Moved back to New as Kefu's attempted fix in https://github.com/ceph/ceph/pull/47855 didn't pan out and I don't think we are any closer to nailing the root cause of these transient failures.

#11 Updated by Kefu Chai over 1 year ago

  • Assignee deleted (Kefu Chai)

#12 Updated by Kefu Chai over 1 year ago

[ RUN      ] HTTPManager.ReadTruncated
unknown file: Failure
C++ exception with description "bind: Address already in use [system:98]" thrown in the test body.
[  FAILED  ] HTTPManager.ReadTruncated (26 ms)
[ RUN      ] HTTPManager.Head
unknown file: Failure
C++ exception with description "bind: Address already in use [system:98]" thrown in the test body.
[  FAILED  ] HTTPManager.Head (9 ms)

unittest_http_manager suffers from this issue also. see https://jenkins.ceph.com/job/ceph-pull-requests/102806/testReport/junit/projectroot.src.test/rgw/unittest_http_manager/

#13 Updated by Ilya Dryomov over 1 year ago

  • Subject changed from TestMockMigrationHttpClient.* fails to TestMockMigrationHttpClient and HTTPManager "bind: Address already in use [system:98]" failures

Yeah, it was pretty clear that it has nothing to do with RBD from the beginning.
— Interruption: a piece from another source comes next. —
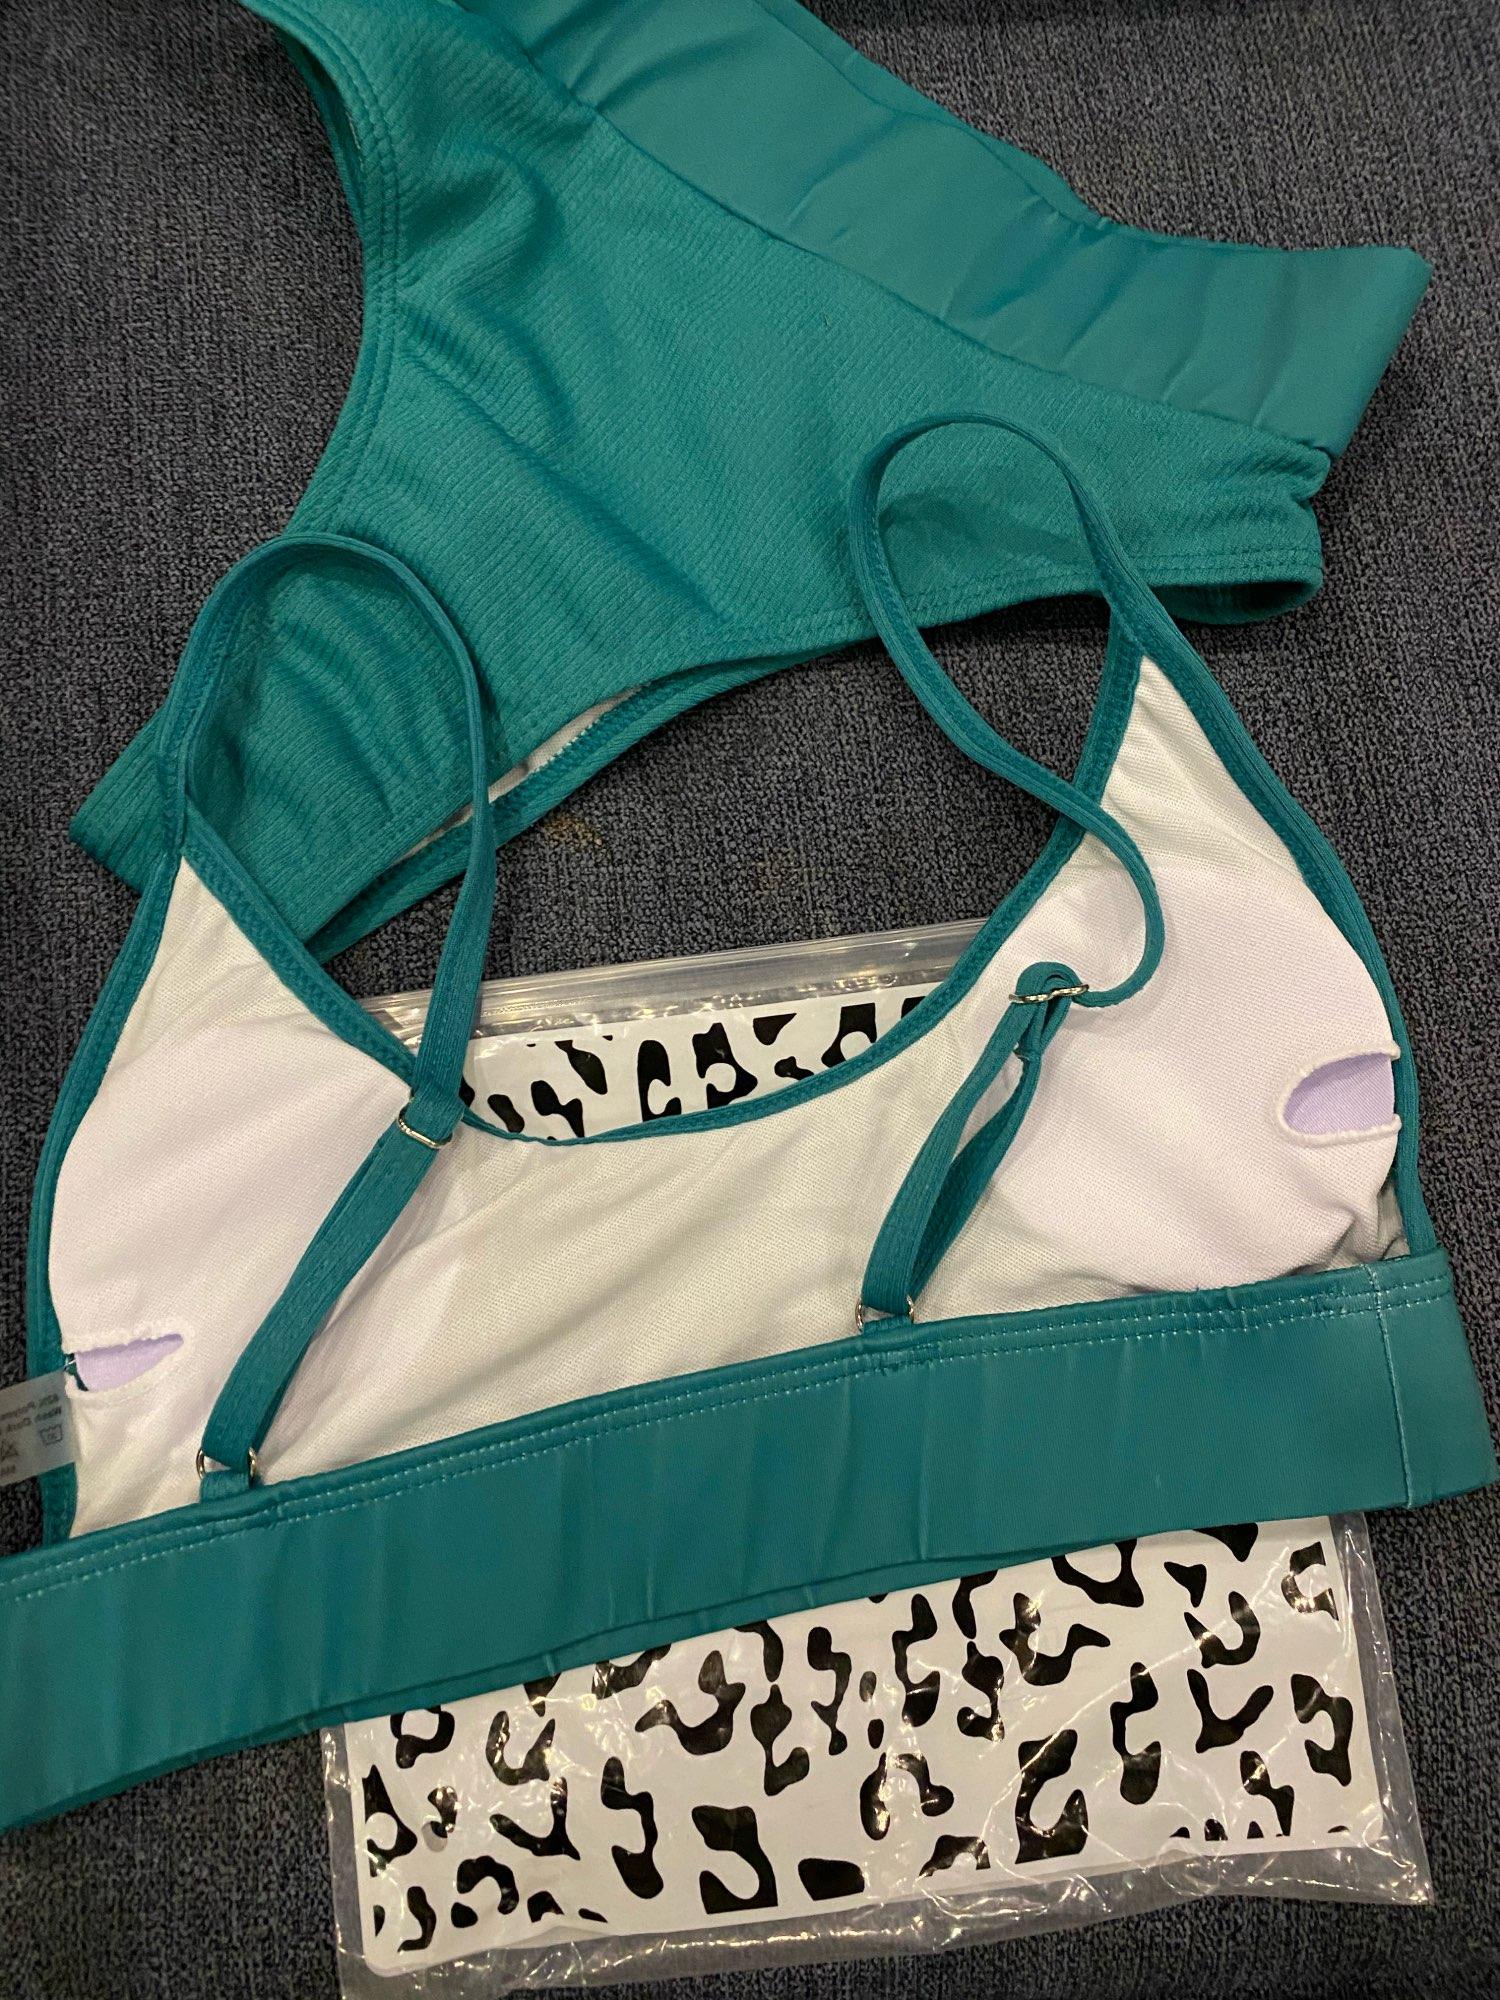 INGAGA High Waist Bikinis 2021 Swimwear Women Push Up Swimsuits Solid Brazilian Bikini Ribbed Biquini Strap Swim Bathing Suits Bikini Set    - AliExpress

#14 Updated by Ilya Dryomov over 1 year ago

  • Tags set to test-failure
  • Project changed from rbd to Ceph

#15 Updated by Kefu Chai over 1 year ago

Ilya Dryomov wrote:

Yeah, it was pretty clear that it has nothing to do with RBD from the beginning.

right. i agreed. just thought we needed a developer to take care of this. and the failure happens to be RBD tests. think the other way, if dashboard uses some third party python module, and it fails to work, shall the core team fix it?

#16 Updated by Radoslaw Zarzynski over 1 year ago

A few of our tests use ephemeral ports and the same time we run tests that specify SO_REUSEADDR:

[rzarzynski@o06 build]$ grep -r REUSE ../src/test
../src/test/msgr/test_async_driver.cc:  int r = ::setsockopt(listen_sd, SOL_SOCKET, SO_REUSEADDR, &on, sizeof(on));
../src/test/rgw/rgw_multi/tests_ps.py:        self.sock.setsockopt(socket.SOL_SOCKET, socket.SO_REUSEADDR, 1)
../src/test/rgw/bucket_notification/test_bn.py:        self.sock.setsockopt(socket.SOL_SOCKET, socket.SO_REUSEADDR, 1)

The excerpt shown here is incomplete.